Pat Fleming’s International Open gets underway in a Florida East Coast ‘play’ ground
First round of 9-Ball Open, and SemiPro 9-Ball Open yields advancement of ‘likely suspects’ This week (Nov. 18-26), pool players from all over the world (26 countries and the US of A) are gathering for Pat Fleming’s 6th Annual International Open, being hosted, for the first time, here in St. Augustine, FL at the World […]
First round of 9-Ball Open, and SemiPro 9-Ball Open yields advancement of ‘likely suspects’

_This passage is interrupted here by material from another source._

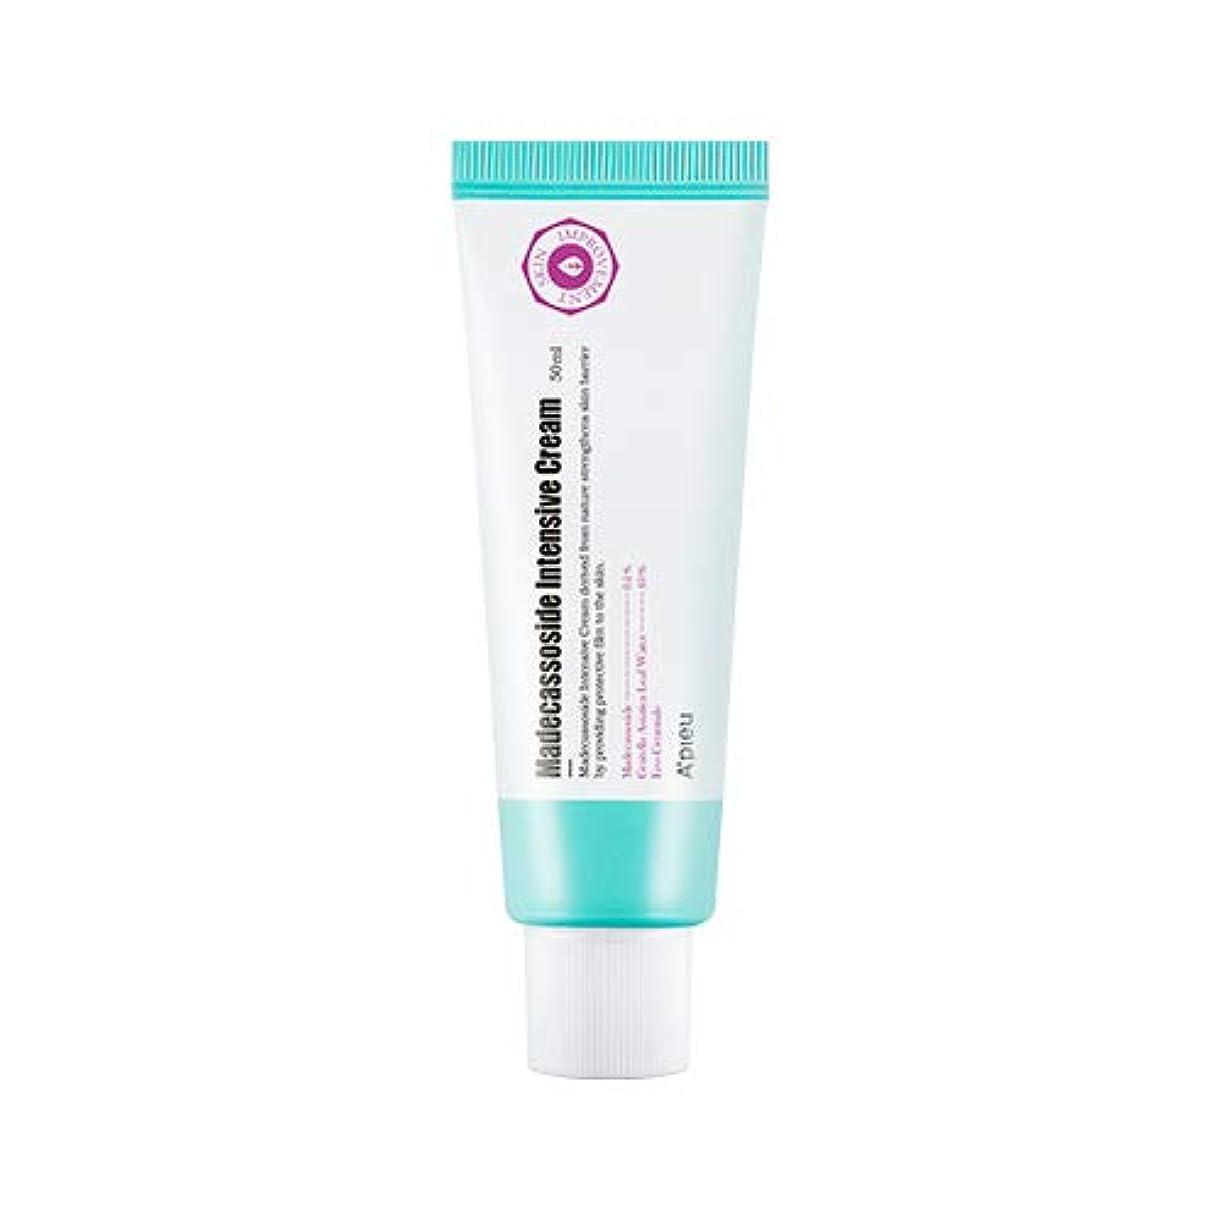 ハチ贅沢なアフリカアピュ マデカソシド インテンシブクリーム 50ml / APIEU Madecassoside Intensive Cream 50ml [並行輸入品]

This week (Nov. 18-26), pool players from all over the world (26 countries and the US of A) are gathering for Pat Fleming’s 6th Annual International Open, being hosted, for the first time, here in St. Augustine, FL at the World Golf Village Renaissance Resort; the first pool tournament to be hosted by the resort. Its selection as the site for the 2024 International Open came about because the events outgrew their previous host, which, since 2021, had been the Sheraton Norfolk Waterside Hotel in Norfolk, VA.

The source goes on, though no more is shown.